On July 12, 1958, the band, which also featured drummer Colin Hanton and pianist John “Duff” Lowe, entered a studio called Phillips Sound Recording Service in Liverpool, England, and laid down a cover of Buddy Holly‘s “That’ll Be the Day” and a McCartney original called “In Spite of All the Danger,” which Paul credited Harrison with co-writing.
The tracks were pressed on a 10-inch, 78-rpm aluminum and acetate disc, which was passed around between the group’s members and wound up in the possession of Lowe, until McCartney bought the historic recording from his old band mate in 1981.
“I ended up buying it back for a very inflated price,” Paul recalled in the Beatles Anthology documentary. “I have since had some replicas made. I don’t want to play the shellac because it would wear out, as demos in those days would. But it’s great to have.”
“That’ll Be the Day” and “In Spite of All the Danger” were finally released in 1995 as part of The Beatles’ Anthology 1 compilation.

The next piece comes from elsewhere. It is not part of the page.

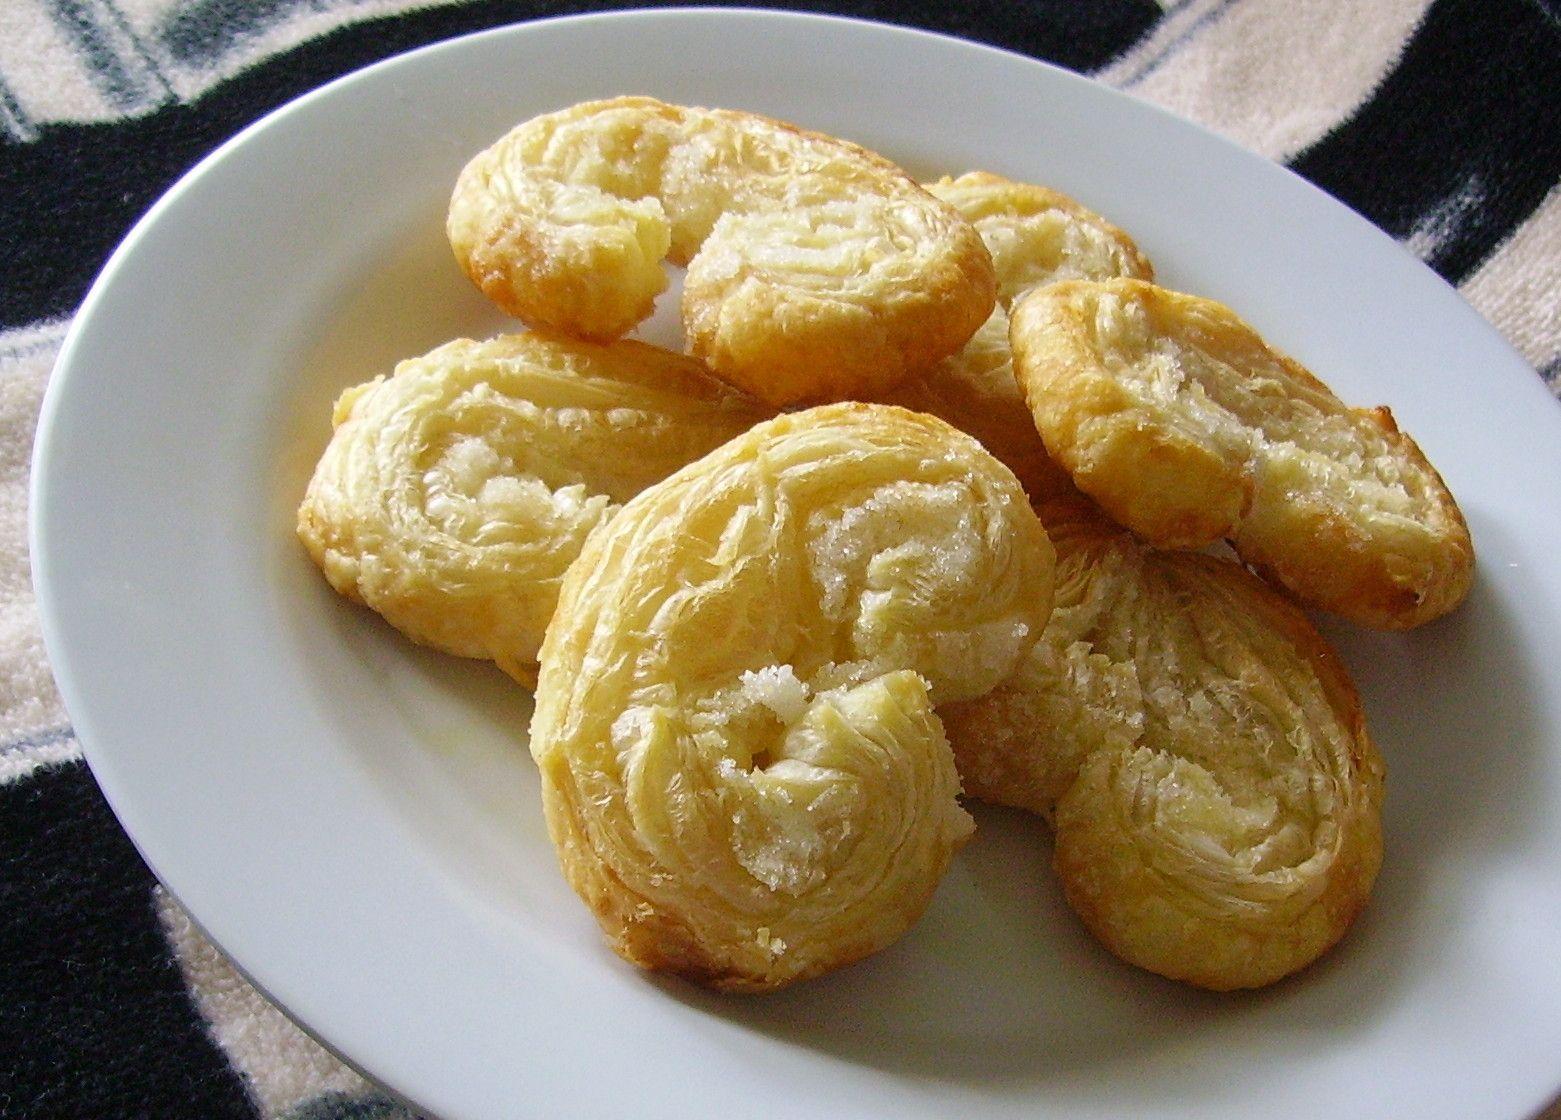 12 Easy Two-Ingredient Dessert Recipes - Allrecipes | Food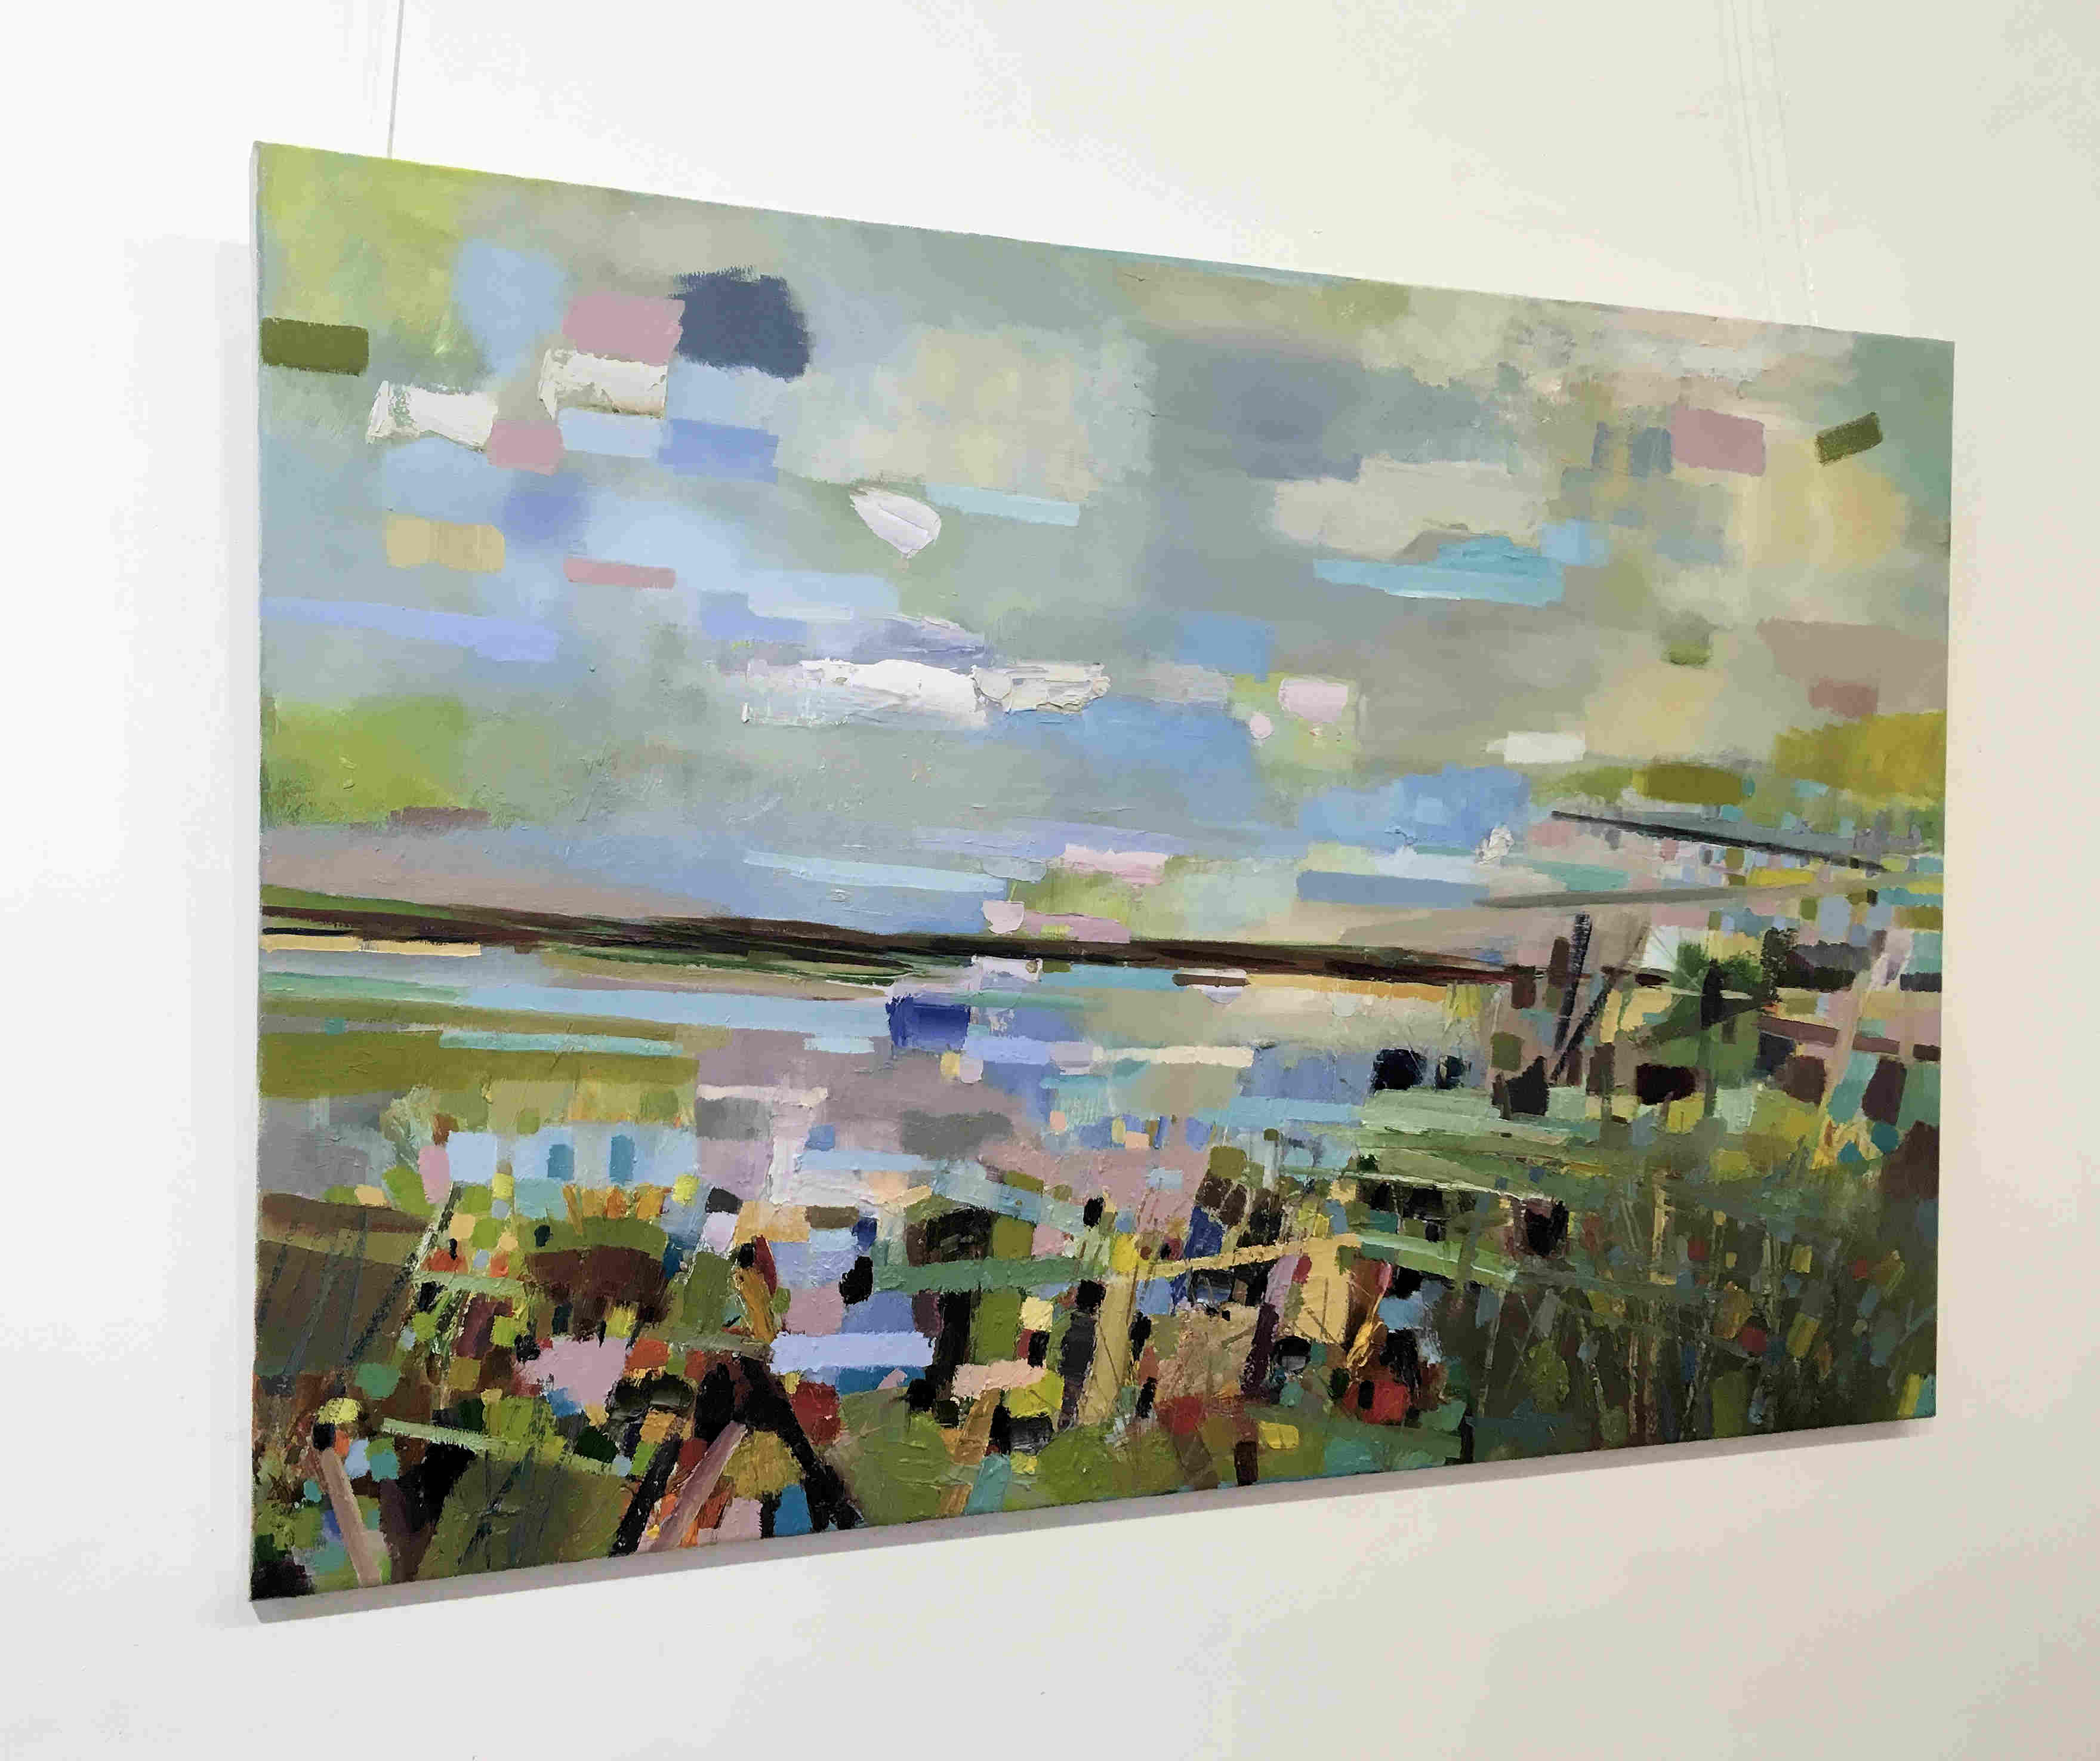 'Coast' by artist John Gerard Anusas

The 60th anniversary of the recording will be commemorated during the 2018 International BeatleWeek Festival, running from August 22 to August 28 in Liverpool. A special compilation marking the milestone, called The Percy Phillips Studio Collection, featuring the Quarrymen tunes and various other tracks recorded at the studio from 1955 to 1969, will be released as two-CD and two-LP vinyl sets on August 26, and an album-release party will be held the Adelphi Hotel in Liverpool.
In addition, a mock-up of the original studio will be on display at the hotel.